I'll try to provide some more feedback on this after I look it over some more.
Thanks!
Regards,
Marko Tiikkaja
Marko Tiikkaja <marko.tiikkaja@cs.helsinki.fi> writes:
Robert Haas wrote:
Can you explain the motivation for changing the Append stuff as part
of this patch? It's not immediately clear to me why that needs to be
done as part of this patch or what we get out of it.
It seemed to me that the Append on top was only a workaround for the
fact that we didn't have a node for DML operations that would select the
correct result relation. I don't see why an Append node should do this
at all if we have a special node for handling DML.

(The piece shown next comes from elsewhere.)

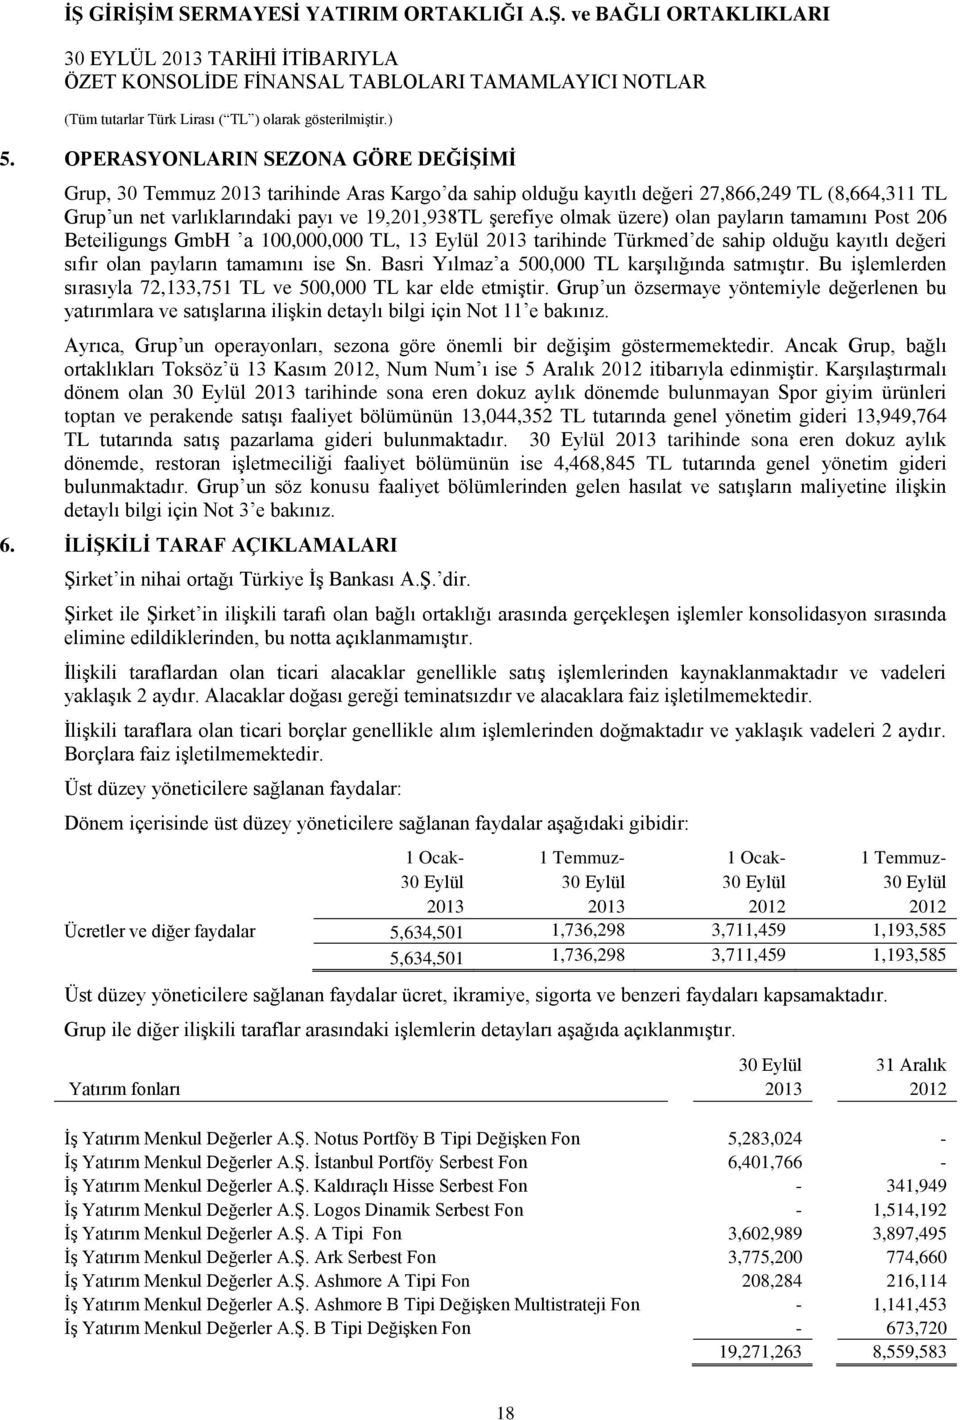 olmak üzere) olan payların tamamını Post 206 Beteiligungs GmbH a 100,000,000 TL, 13 Eylül 2013 tarihinde Türkmed de sahip olduğu kayıtlı değeri sıfır olan payların tamamını ise Sn.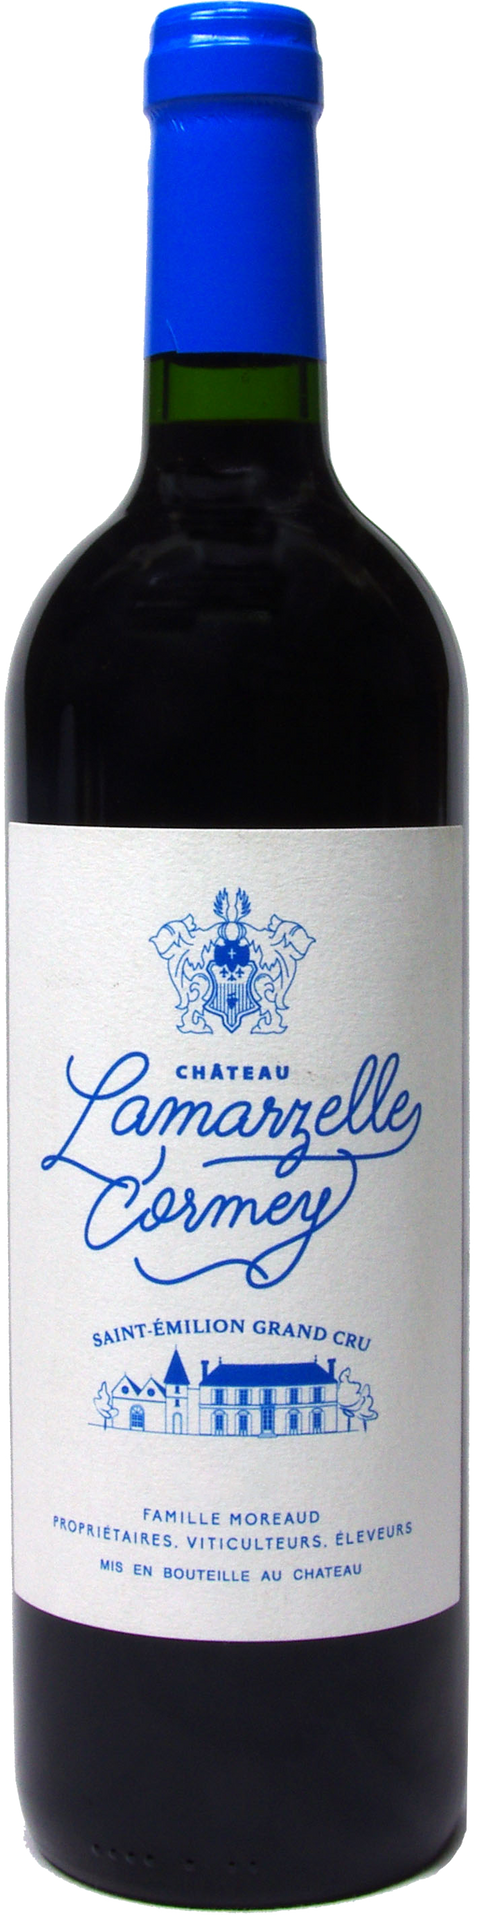 Chateau Lamarzelle Cormey---2018---Rouge---Château Lamarzelle Cormey---0.75

The stuff for inherited target relations is certainly ugly, and if this
can clean it up then so much the better ... but is a DML node that has
to deal with multiple targets really better? It's not only the Append
itself that's funny, it's the fact that the generated tuples don't all
have the same tupdesc in UPDATE cases.
FWIW, I'd think of having three separate node types Insert, Update,
Delete, not a combined Dml node. The behavior and the required inputs
are sufficiently different that I don't think a combined node type
is saving much. And it'd avoid the "what is that?" problem.
regards, tom lane
On Tue, Sep 22, 2009 at 11:04 AM, Tom Lane <tgl@sss.pgh.pa.us> wrote:
Marko Tiikkaja <marko.tiikkaja@cs.helsinki.fi> writes:
Robert Haas wrote:
Can you explain the motivation for changing the Append stuff as part
of this patch? It's not immediately clear to me why that needs to be
done as part of this patch or what we get out of it.It seemed to me that the Append on top was only a workaround for the
fact that we didn't have a node for DML operations that would select the
correct result relation. I don't see why an Append node should do this
at all if we have a special node for handling DML.The stuff for inherited target relations is certainly ugly, and if this
can clean it up then so much the better ... but is a DML node that has
to deal with multiple targets really better? It's not only the Append
itself that's funny, it's the fact that the generated tuples don't all
have the same tupdesc in UPDATE cases.FWIW, I'd think of having three separate node types Insert, Update,
Delete, not a combined Dml node. The behavior and the required inputs
are sufficiently different that I don't think a combined node type
is saving much. And it'd avoid the "what is that?" problem.
Right now, it looks like most of the code is being shared between all
three plan types. I'm pretty suspicious of how much code this patch
moves around and how little of it is actually changed. I can't really
tell if there's an actual design improvement here or if this is all
window-dressing.
...Robert
Robert Haas <robertmhaas@gmail.com> writes:
Right now, it looks like most of the code is being shared between all
three plan types. I'm pretty suspicious of how much code this patch
moves around and how little of it is actually changed. I can't really
tell if there's an actual design improvement here or if this is all
window-dressing.
My recollection is that we *told* Marko to set things up so that the
first patch was mainly just code refactoring. So your second sentence
doesn't surprise me. As to the third, I've not looked at the patch,
but perhaps it needs to expend more effort on documentation?